The thought of function equation is a problem-solving way of thinking by using the viewpoint and method of function and equation to deal with the relationship between variables or unknowns, and it is a very important mathematical thought.

1. Function idea: Function idea is to express some mutually restrictive variables in a certain change process, study the mutually restrictive relationship between these quantities, and finally solve the problem;

2. Using the function idea, establishing the functional relationship between variables is the key step to solve the problem, which can be roughly divided into the following two steps: (1) establishing the functional relationship between variables according to the meaning of the problem, and transforming the problem into a corresponding functional problem; (2) Construct functions according to needs and solve problems by using relevant knowledge of functions; (3) Equation idea: In a certain change process, it is often necessary to determine the values of certain variables according to certain requirements. At this time, the equations or (equations) of these variables are often listed and solved by solving the equations (or equations). This is the idea of equation;

3. Function and equation are two closely related mathematical concepts, which permeate each other. Many equation problems need to be solved with the knowledge and methods of functions, and many function problems also need the support of equation methods. The dialectical relationship between function and equation forms the idea of function equation.

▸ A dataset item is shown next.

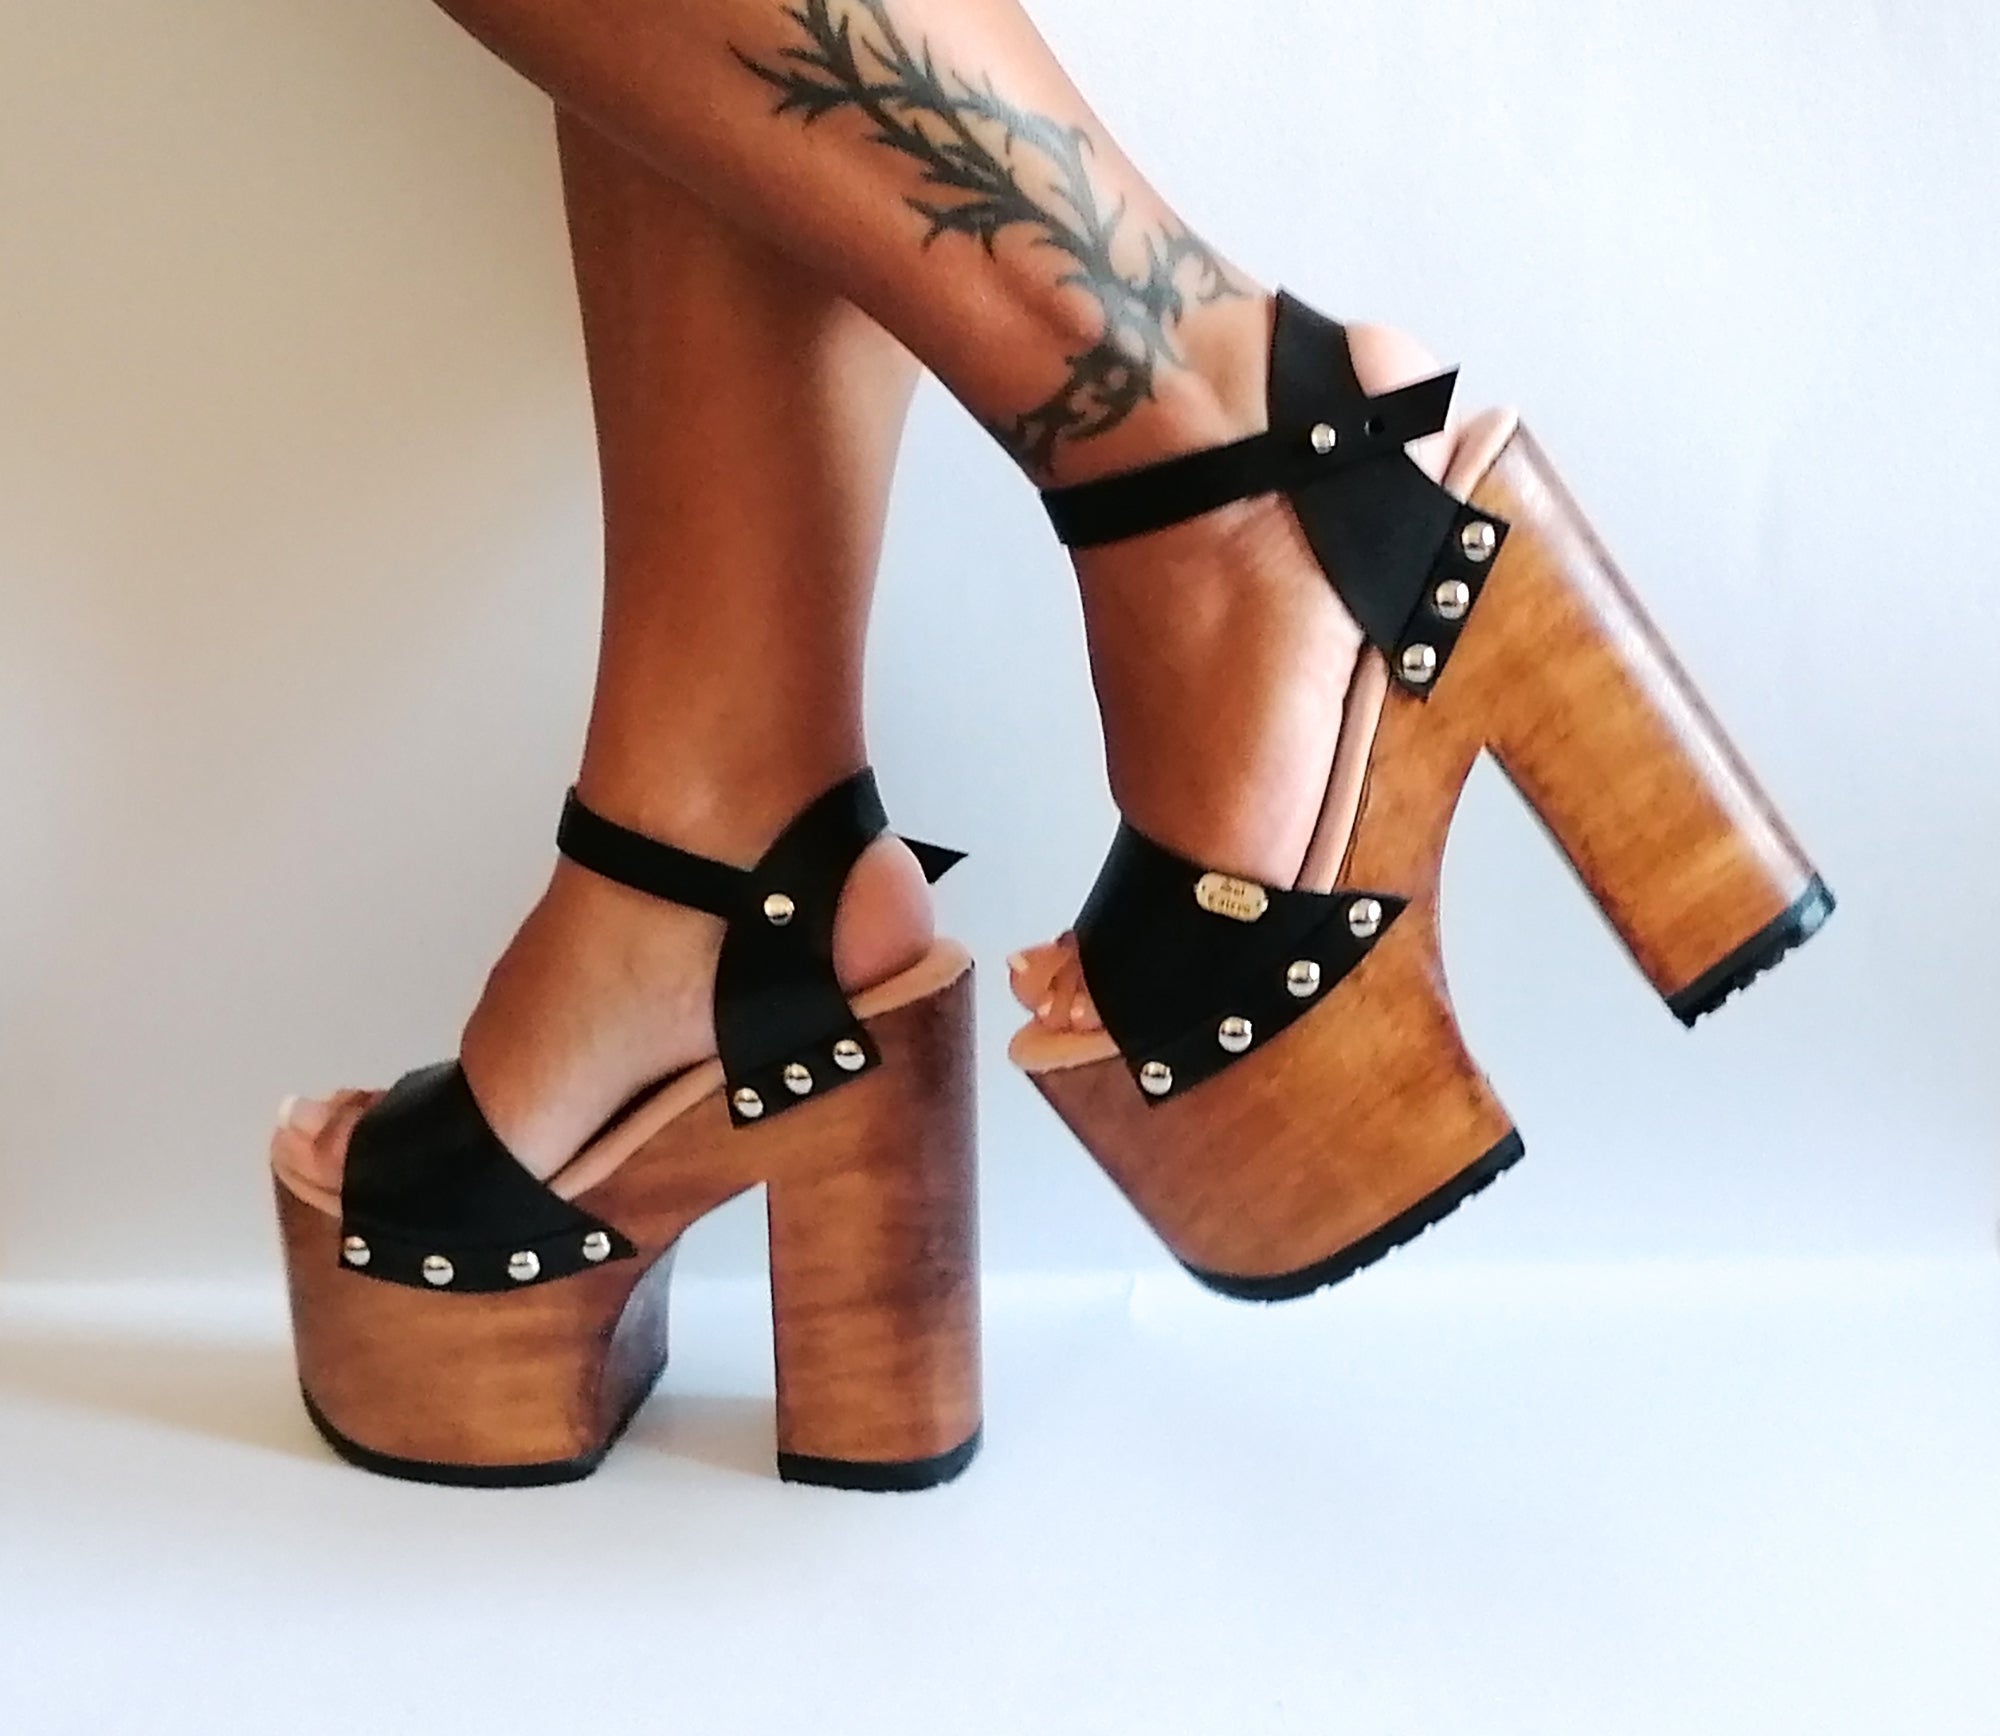 Crazy-Heels - High Heels and sexy Lingerie buy online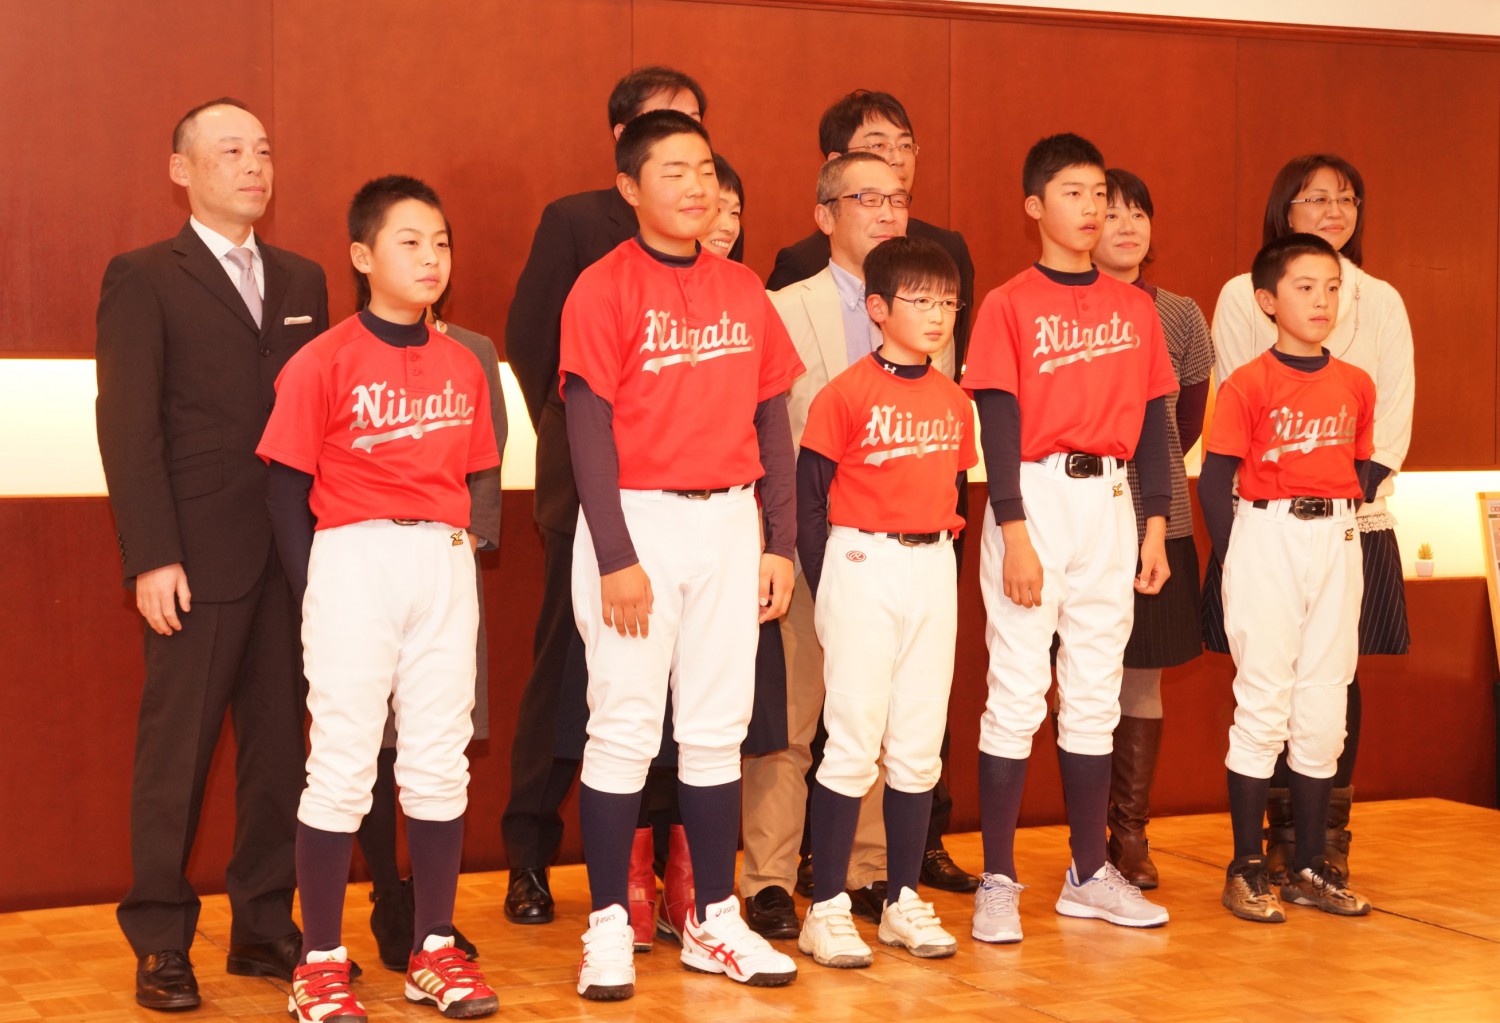 中学硬式 新潟ヤング入卒団式 14人が高校での飛躍誓う 新潟野球ドットコム

Second, the combination of numbers and shapes.

The combination of numbers and shapes is one of the four important ways of thinking in middle school mathematics. For the algebraic problems studied, we can sometimes study the properties of the corresponding geometry to solve the problems (with the help of shape). Or for the learned geometric problems, we can solve the problems with the help of the quantitative relationship of the corresponding figures (with the help of numbers). This method of solving problems is called the combination of numbers and shapes.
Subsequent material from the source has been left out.